My eyes flew open as Durian yanked me out of my blissful dream and back into my nightmarish reality. Standing over me were three men. Durian, Brennan, and…

Kole.

“You must be quite the rarity, my dear,” Kole said, desire bleeding from beneath his flashy clothes. “To be coveted greatly enough to provoke such violent, politically short-sighted incidents.”

I looked to Durian, sensing brewing paranoia hiding underneath his overwhelming air of victory. Everything came back to me all at once. I realized I was missing a huge gap of time in between Durian feeding from me, Rune’s shadows leaking, and my arrival back at the palace.

Rune still loved me. Which meant he’d likely fought for me.

But he’d somehow failed.

Panic seized me. Rune was the strongest vampire in Valentin. How could Durian have thwarted him?

And why was Durian’s paranoia circling me like a viper?

“Did I behave to your standards, Master?” I asked quickly.

This halted Durian, his severe features relaxing an inch. “Yes, pet.” He smiled at Kole as he spoke to me. “Kneel.”

I knelt, understanding we were in one of Durian’s studies—black walls and dark furniture accented with crimson and gold. Magick emanated from the bookshelves and several trinkets and antique weapons were strewn about.

Anger boiled in my blood, as ripe as my fear and disappointment. Somehow Rune hadn’t saved me. Was he okay? Surely Durian would be in a much different mood if he’d actually harmed Rune in a lasting way.

I was still a slave. Yet everything had changed.

I fought the urge to glare at Kole, who clearly cared so little about true diplomacy, justice, and the well-being of Valentin that he’d ridden back with the born to Durian’s palace.

My collar had been placed back on my neck.

But Rune still loved me. He’d committed violence in my name. I didn’t know how it was possible; but it was real—I’d held his heart in my palms, examined it from every reality-shattering angle.

Nothing was solved. I had a wealth of unanswered questions. But Rune had given me a lifeline, and I clenched my exhausted fists tight around it.

The whole world is doomed, Little Flame. We live and love anyway.

I couldn’t let the tears form. I couldn’t show an ounce of my overwhelming grief that I still sat here, kneeling before men I hated.

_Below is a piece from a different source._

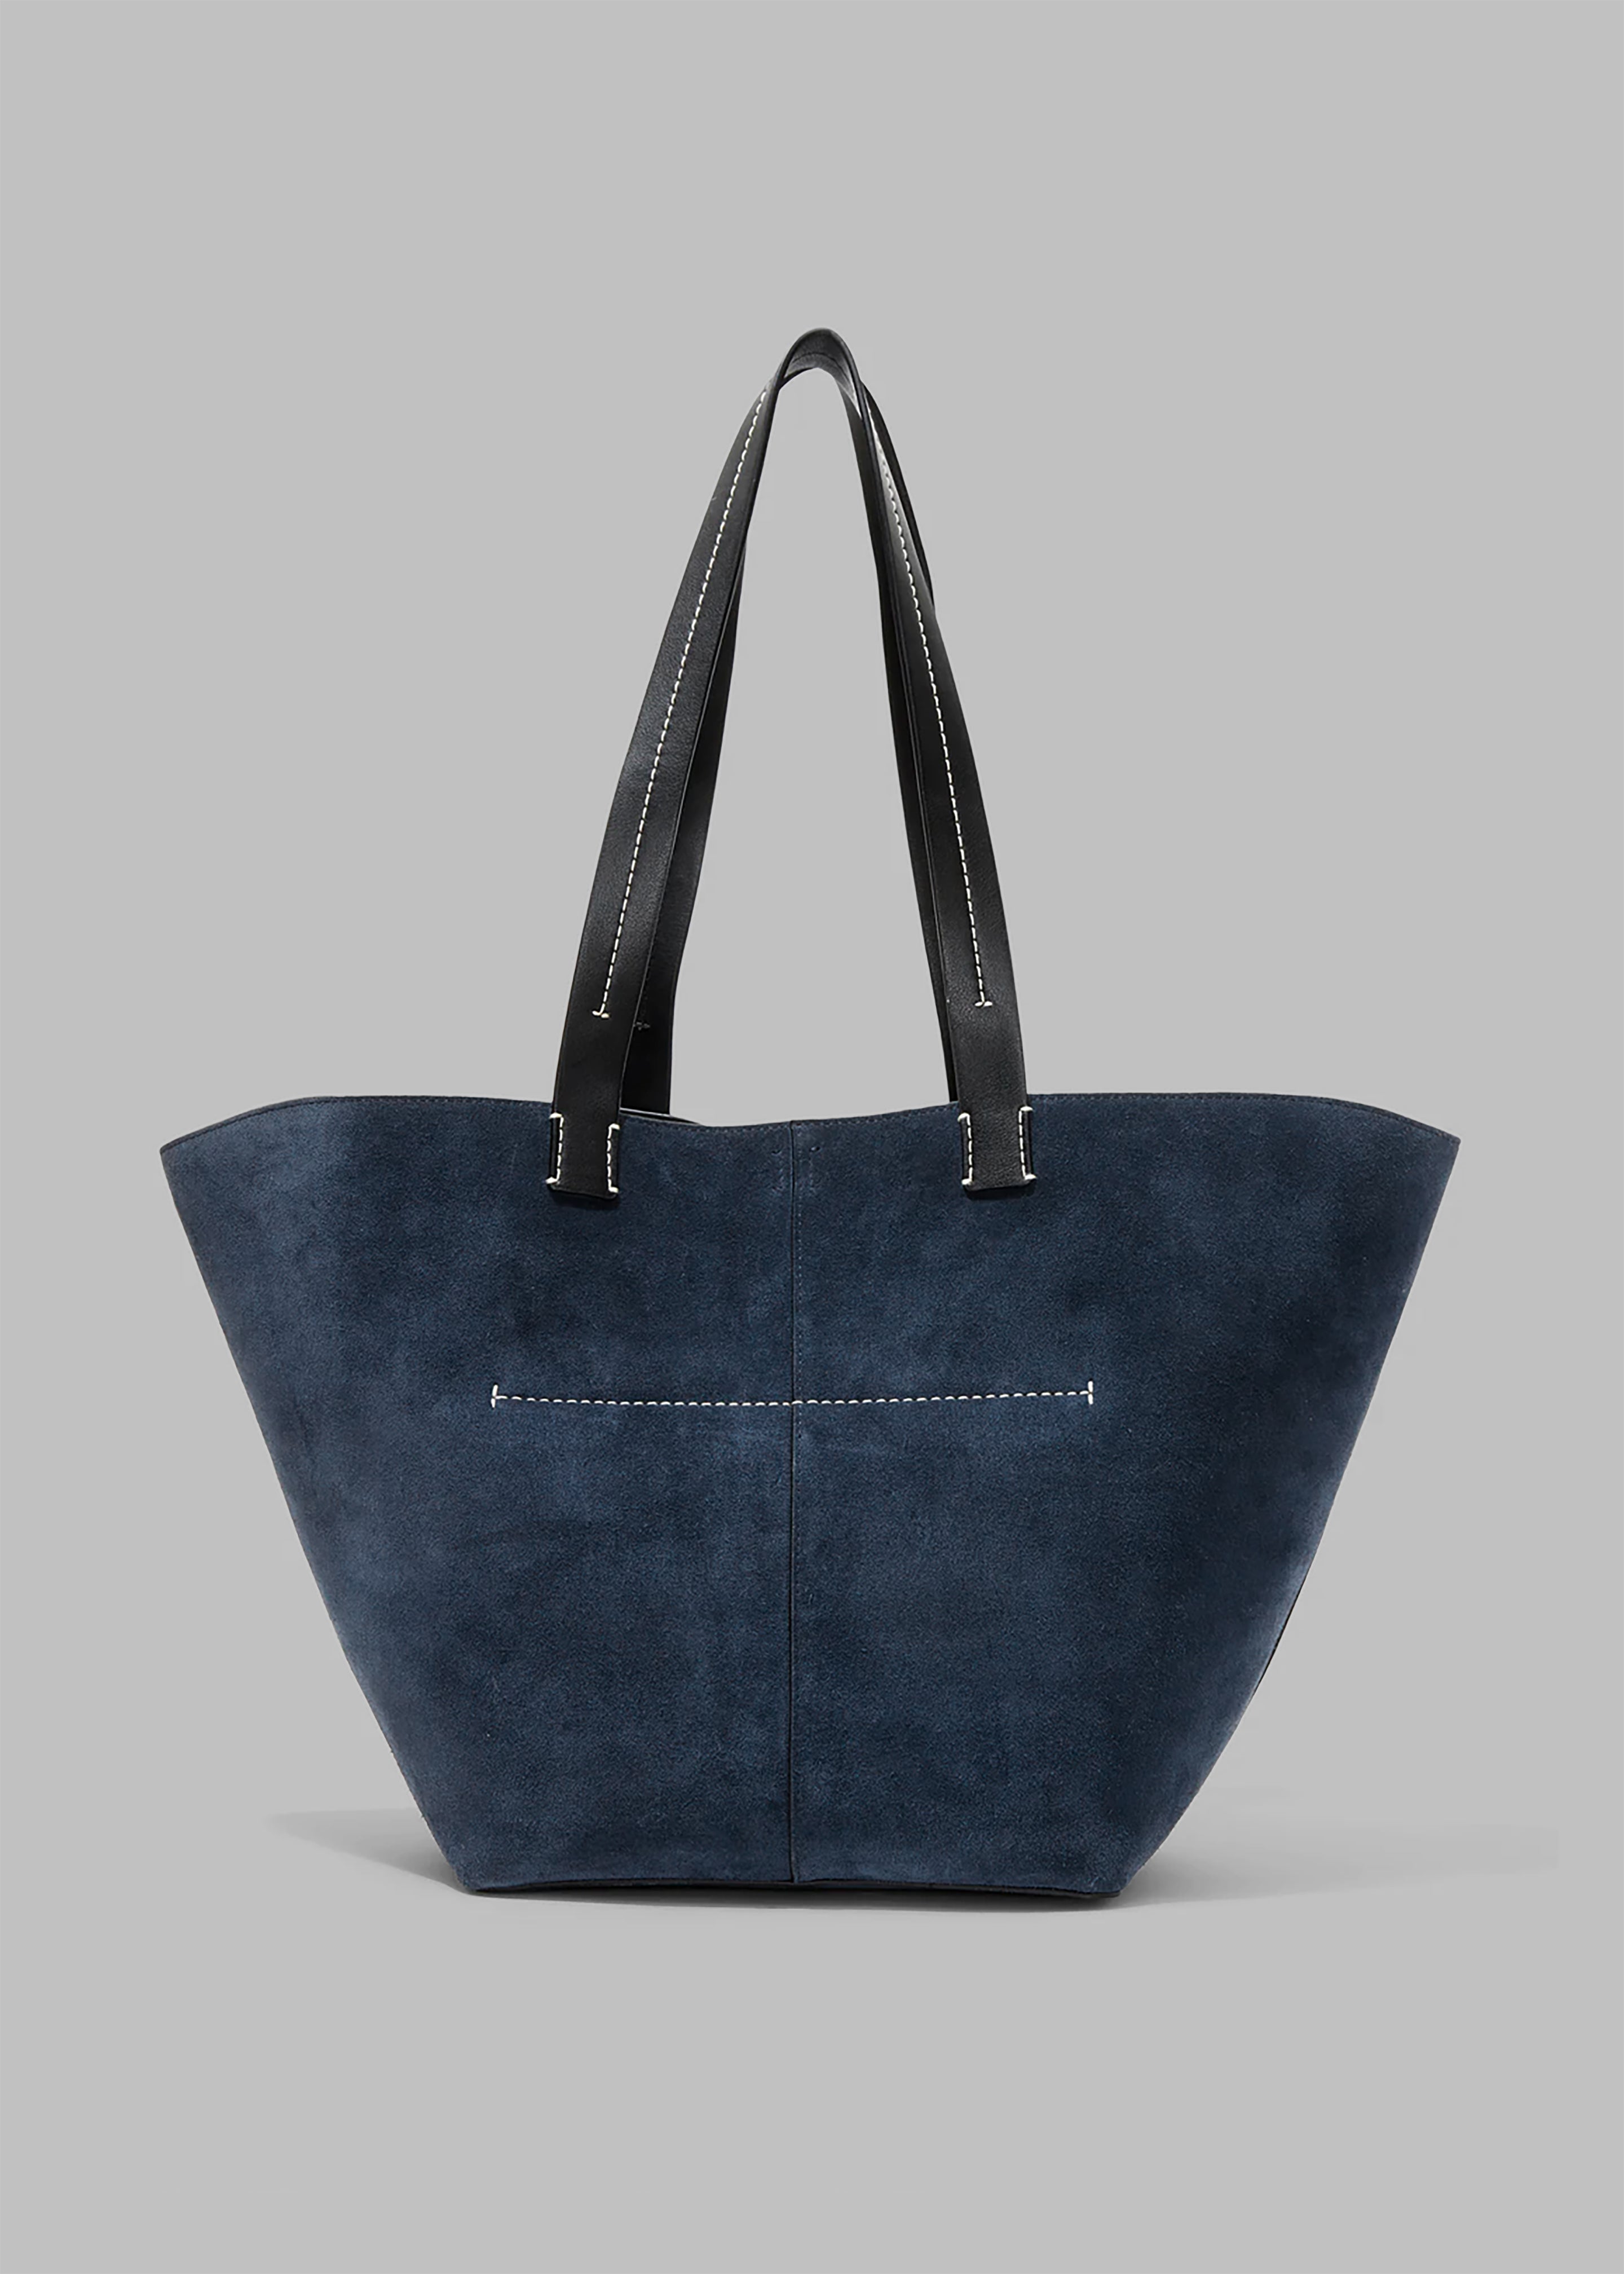 Proenza Schouler White Label Large Suede Bedford Tote - Navy/Black - 3
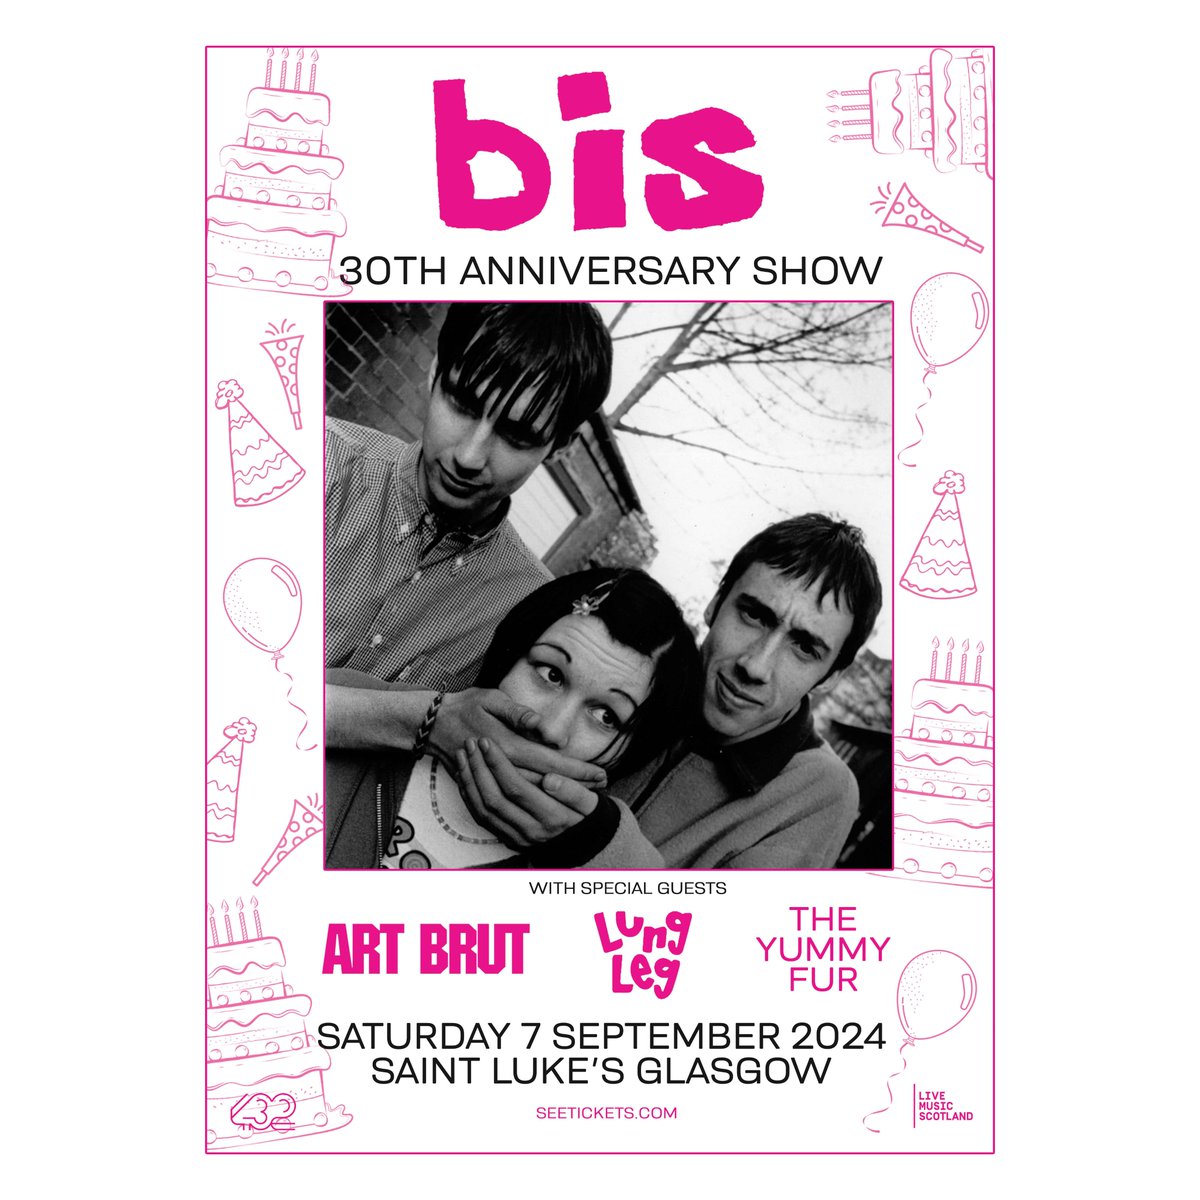 Now THIS is a line-up 👇It's 30 years of our strange band so this will be an exciting & emotional one in our hometown on Sat 7th Sep with Art Brut, Lungleg & The Yummy Fur. Come join the party 🥳 bit.ly/449hK1q

Durian scanned my face for evidence, and I stayed demure, feeding him back delicate strokes of his ego.

When Lillian’s vengeful spite lit up my nerves, I allowed it to break through my walls of shame.

I would fight. As I always had.

I had a home to go back to. I had friends who adored me. I saw Snow’s face, felt her arms around me as she laughed. I had…

Rune.

“Drink,” Durian commanded, bending down to shove a potion in my face. I recognized its blood replenishing magick immediately, an expensive and rare commodity.

Rune had once told me he would have to give me these so he could feed exclusively from me whenever possible.

I drank this potion for him. Rune’s achingly beautiful face was all I could see, the tips of his thorny shadow vines creeping up his neck. That dark, nearly black hair that was feather soft to the touch.

I handed the glass bottle back to my captor. When he patted my head in approval, my mind was flooded with a stomach-churning mix of satisfaction and shame. I hated the hold he had over me, despite everything he’d done.

“You are going to spend the evening with Kole, pet,” Durian said with a sigh, a dramatic air to his voice. As if he were emphasizing how difficult it would be for him to share.

I tensed. I searched his desires for wiggle room, areas for me to slither between cracks and exert my own will. But his decision had already been made. I wasn’t stupid enough to ignore Rosalind’s harsh warnings. I couldn’t afford to break the spell, to ruin the tenuous control I had over Durian by aiming too high.